Social media is now routinely used to augment reporting of public events. There are entire units in news organizations dedicated to getting stories from the audience, often under the awkward rubric of “user-generated content.” But why sift for events online when you can give your audience the tools to give you the story directly? Right now if I see a plane land in a river, I tweet it. Wouldn’t a news organization prefer that I send my eye-witness photo to the UGC editor instead? To this end, several mobile news apps include the ability to submit pictures. CNN’s iReport app and website is probably the best developed of these. Ideally, I could send that breaking news tweet to the newsroom and to my friends at the same time, within the same application.

Fast reporting of private events has always depended on having the right sources. A well established source may call the reporter or send an email when something newsworthy happens. Someone with a much looser connection to the organization may not, and perhaps this is an opportunity for social news tools.
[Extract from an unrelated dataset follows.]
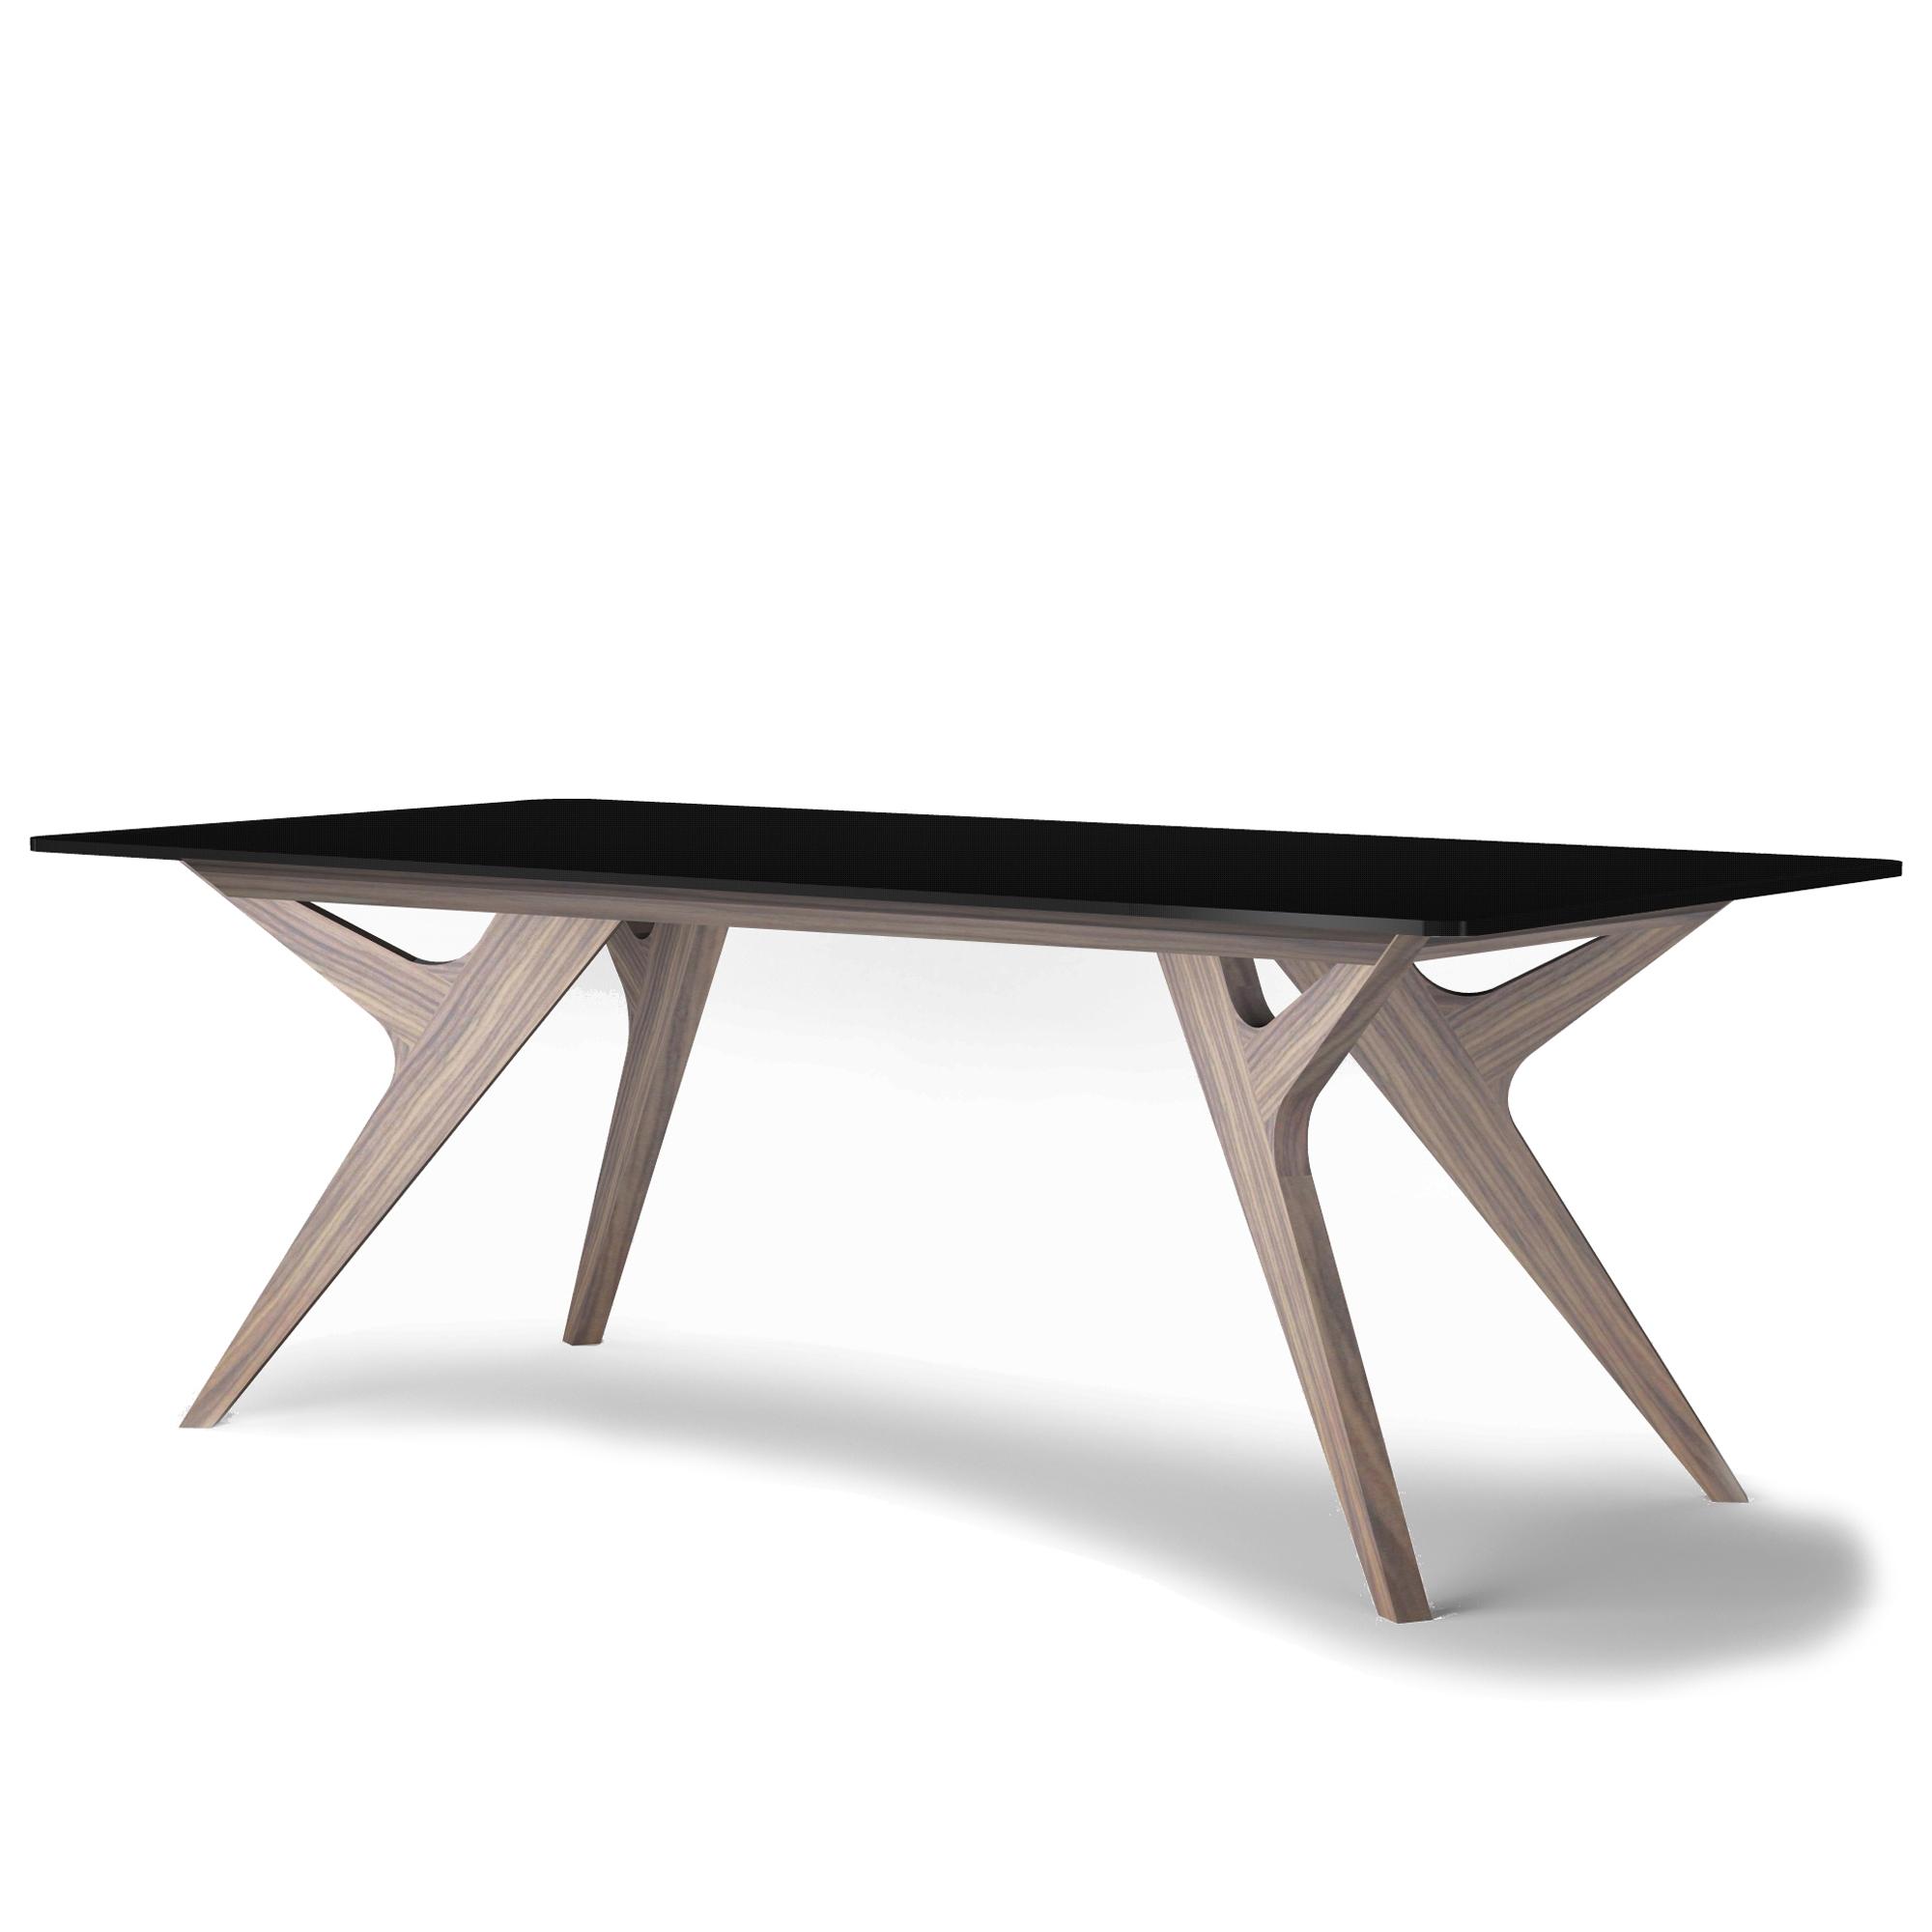 Table scandinave haut de gamme

When someone knows something — or can talk about something — you want them to contact the newsroom first. The potential of this weak-tie news sourcing approach hasn’t really been studied, to my knowledge, but I imagine that it would require, at minimum, a trusted brand, an easily-reachable editorial staff, and frictionless communication tools. If it’s easier just to tweet or blog the news, the source will.

There are several other good examples of social news-gathering, on the theme of asking your audience for help. Crowdsourcing is usually thought of as the recruitment of many unspecialized helpers, as the Guardian did with its MP expenses project. But the Guardian also reached out to its audience to find that one specialist attorney who could unravel the mystery of Tony Blair’s tax returns. Hopefully the specialists a newsroom needs to consult are already among the audience, and they will see the call for experts when a reporter sends one out. For that matter, a smart and engaged audience can correct you quickly when you are wrong. Nothing says “we care about accuracy” like a fact check box on every story.

But is it journalism?
Yes, absolutely. The job of journalism is to collect accurate information on an ongoing basis and ensure that the audience for each story learns about that story. Any way you can deliver that service is fair game. People depend on each other for the news all the time, so journalists better get in those conversations.